MTN Says It Continues to Engage BoG in the Interest of Economy

Mr Mupita in a picture with BoG Governor Dr Ernest Addison and his deputies

Accra, Ghana//-The MTN Group President and CEO Ralph Mupita says MTN would continue to engage the Bank of Ghana (BoG) in the interest of the country’s economy.

Mr Mupita gave the assurance in a response to a question posed at a media engagement about concerns over repatriation of profit amongst other issues.

He explained: “We have ongoing discussions with the Bank of Ghana to ensure that we don’t repatriate the way that will disturb the Ghanaian currency”.

Currency repatriations

He noted: “We are not oblivious of the fact that we are into business that engage in dividend repatriation that may impact on the economy. Due to its high dependency.

Several multinationals engage in currency repatriations. The demand for foreign currency is too huge. We need them to buy goods and services from other foreign countries to keep our business operations going”.

For instance, we need to buy radios and we need to get them from China. We get radios for our network from ZTE or Huawei in China. So, in such transactions foreign currencies especially the US dollars are used, Mr Mupita explained.

The free fall of cedi has always been a thorny issue in the West African country due to its highly dependent on imports. This means that millions of cedis have to be exchanged for few foreign currencies particularly the U.S dollar and the British Pound Sterling for import of goods into the country.

According to the May 2022 Monetary Policy Committee (MPC) report of the BoG,  the Ghana Cedi depreciated by 15.6 percent against the US dollar, 13.1 percent against the Pound Sterling, and 13.6 percent against the Euro, during the first quarter of 2022.
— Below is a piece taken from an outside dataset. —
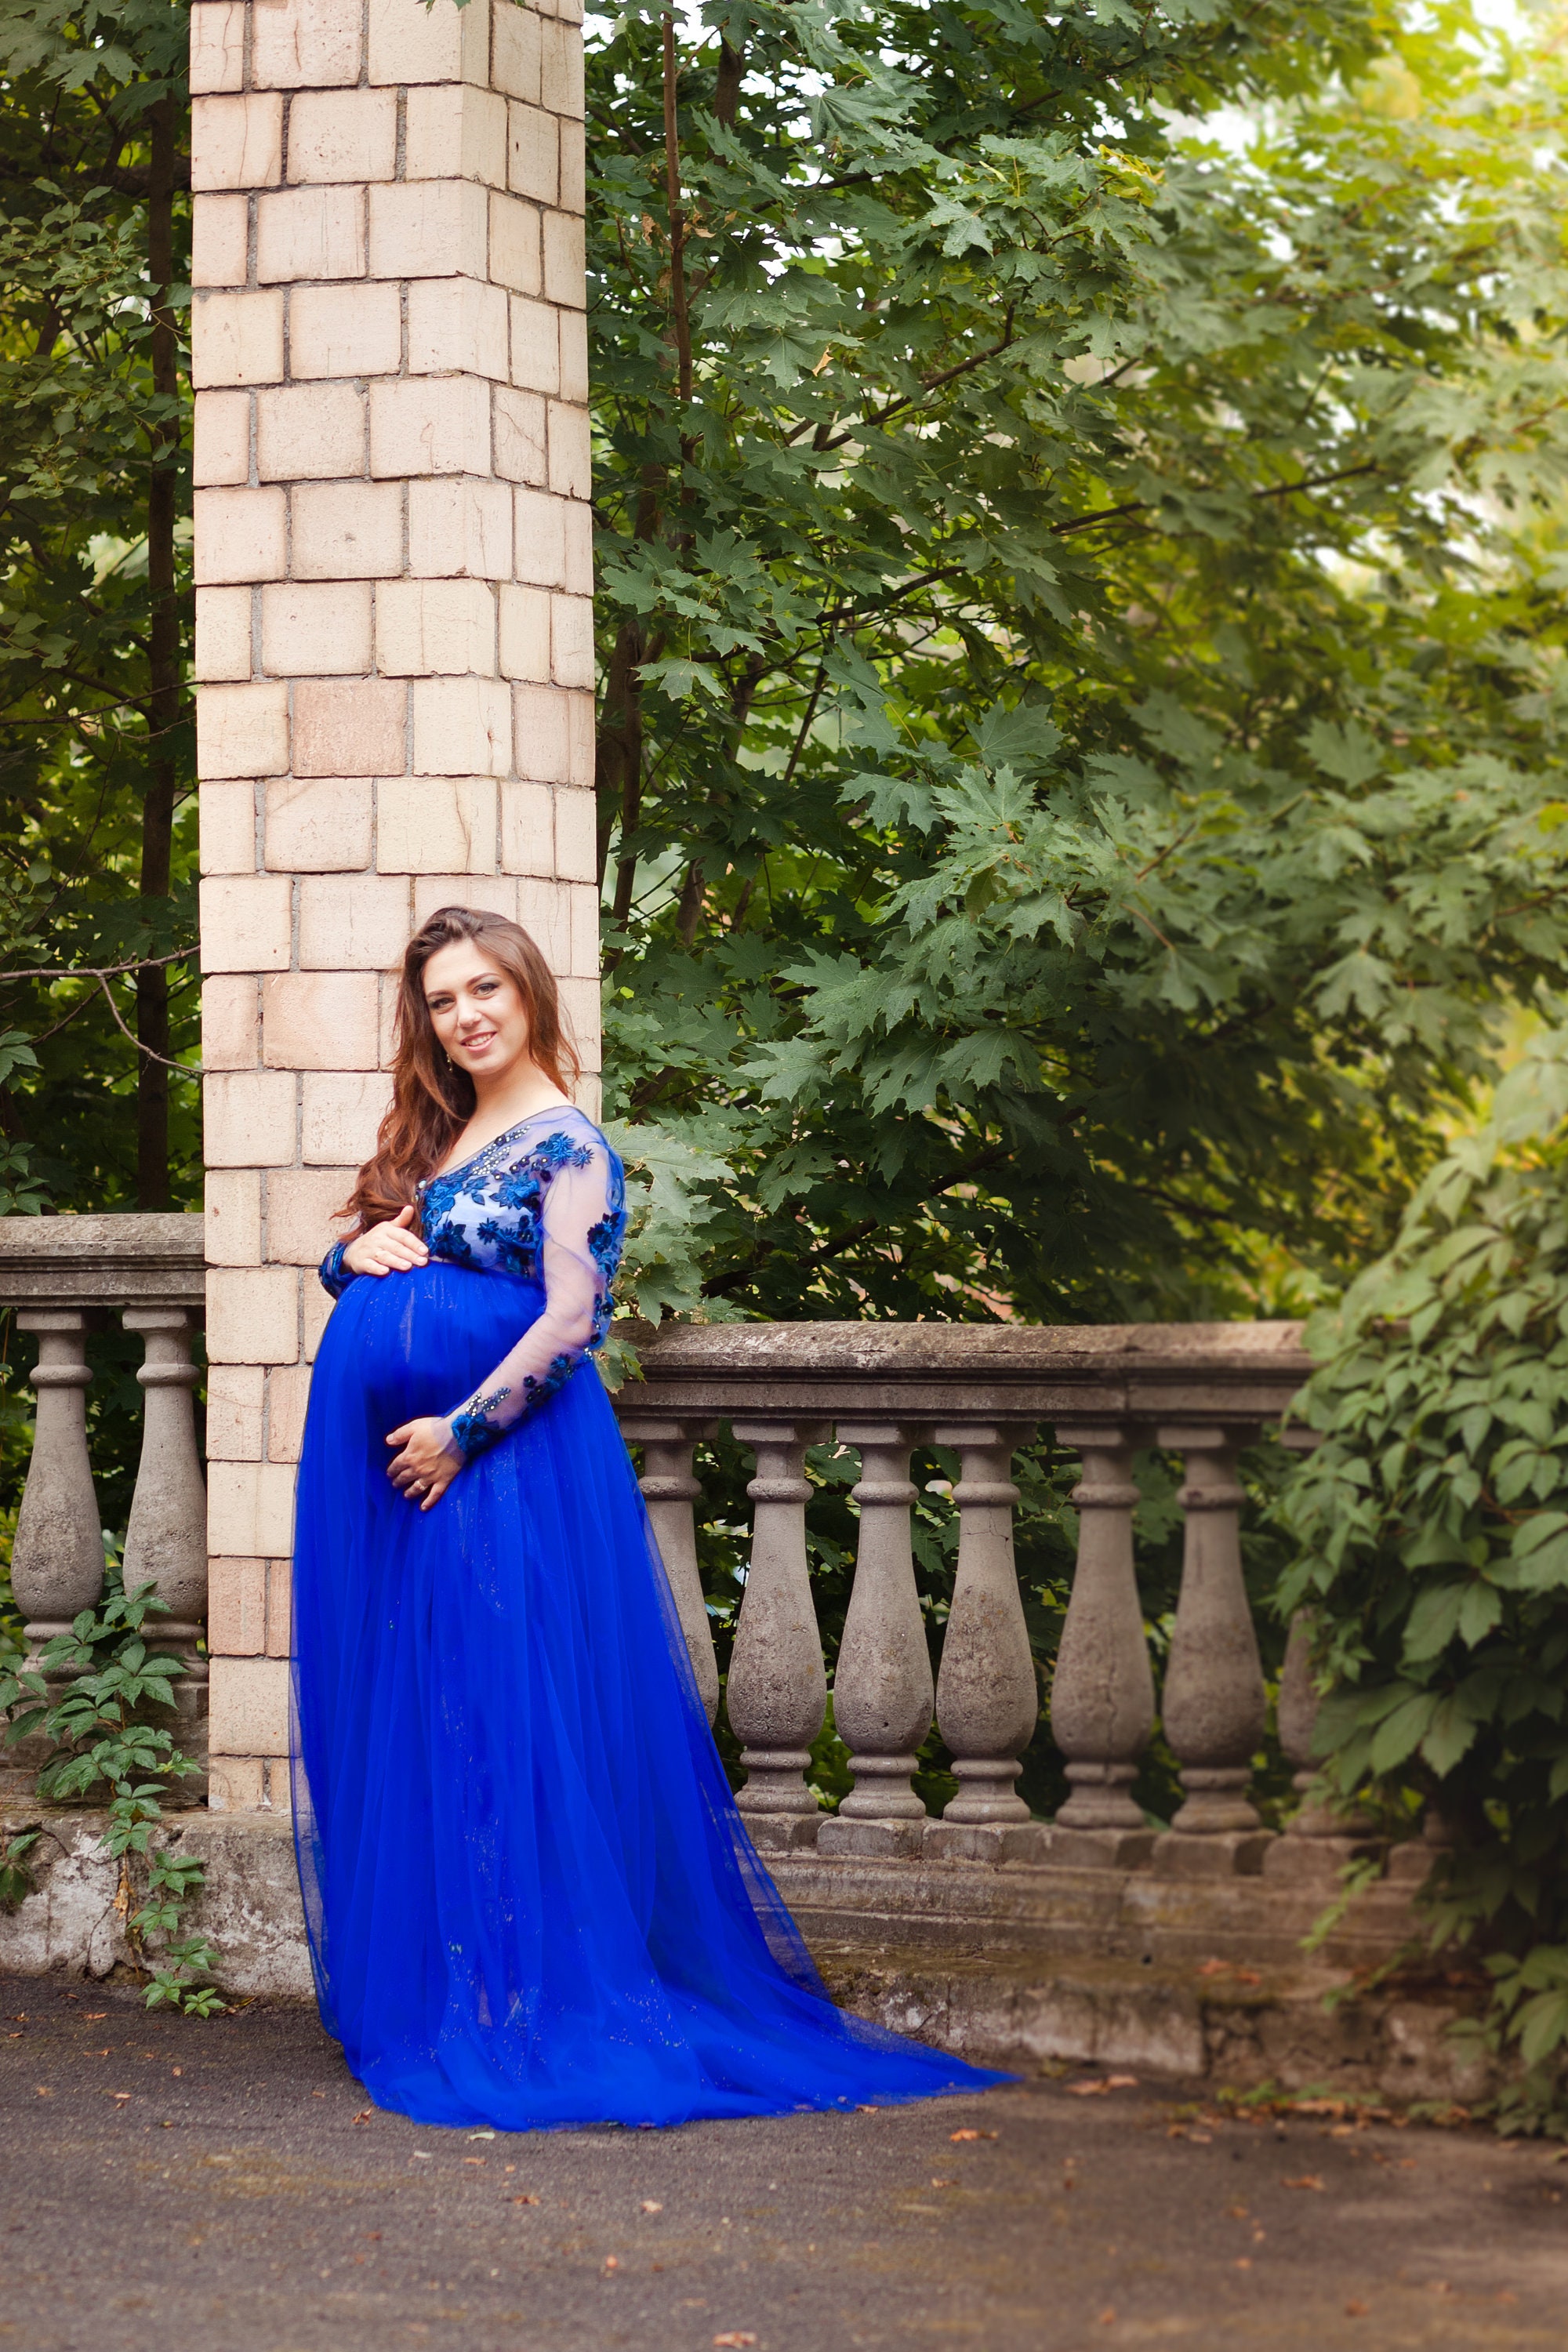 Royal Blue Tailored Maternity Dress

It noted that from the beginning of April through 18th May 2022, there has been some moderation in the rate of depreciation. The Ghana Cedi depreciated by 0.2 percent against the US dollar, but appreciated by 5.7 percent against the Pound Sterling and 5.4 percent against the Euro, bringing the year-to-date depreciation against these currencies to 15.8 percent against the US dollar, 8.2 percent against the Pound Sterling, and 8.9 percent against the Euro.
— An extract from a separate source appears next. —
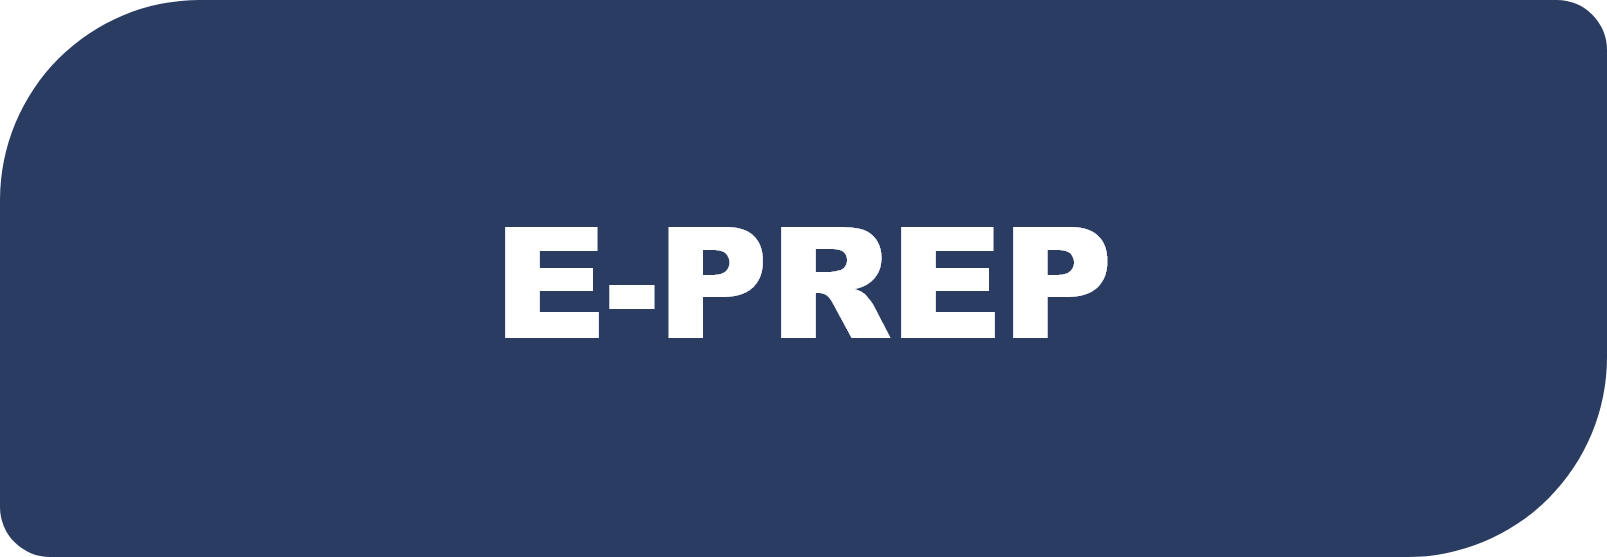 Button that reads: E-PREP

Touching on the controversial tax on Electronic Transfers popularly known in Ghana as E-Levy, Mr Mupita said the company presently sees E-levy as a burden-sharing with Ghanaian government so as to address the current challenges facing the economy.

However, the MTN Group President and CEO who is in Ghana for the third time since he became the Group head in August 2020 noted that it is too early to determine the impact of the E-levy on the company’s operations. The company can only do so in six months’ time or more, Mr Mupita stated.

Current conditions won’t reduce our investing appetite

MTN Group which is Africa’s largest multinational telecoms company reiterated its commitment to investing more in Ghana in spite of the current difficult economic conditions.

“The current conditions won’t reduce our appetite to invest in long term sustainable business programmes so that in markets like Ghana every Ghanaian has the capacity to enjoy the benefit of market multiplier.

We don’t change that view. So, we must sustain the capital expenditure (capex). Yes, there are market pressures but we will help fix them”.

We are not going to reduce our level of investments. We would rather introduce more digital products for the benefit of Ghanaians. And to also contribute to national programmes like Ghana CARES. We see ourselves as partners in development”, he told the journalists in Accra, Ghana.


The Ghana COVID-19 Alleviation and Revitalization of Enterprises Support (Ghana CARES) programme, is the government’s response to mitigate the impact of the COVID-19 pandemic on the lives and livelihoods of Ghanaians.

The programme is a two-phase programme; Phase II – Revitalize and Transform the Economy (2021 – 2023).

The GH¢100 billion programme which also seeks to create jobs and prosperity for Ghanaians over the period is a burden-sharing programme between the government and the private sector.

Out of the GH¢100 billion, the government will provide GH¢30 billion, while the private sector will provide the other GH¢70 billion.

Mr Mupita used the opportunity to answer varied questions from the journalists ranging from the acquisition of 4G spectrum, implementation of significant market power (SMP), mobile financial services, the company’s agenda 2025, 4G coverage, investing in tourism, dreaded National Stabilisation levy, reducing cost of airtime and data, and mode of raising capital to fund the business.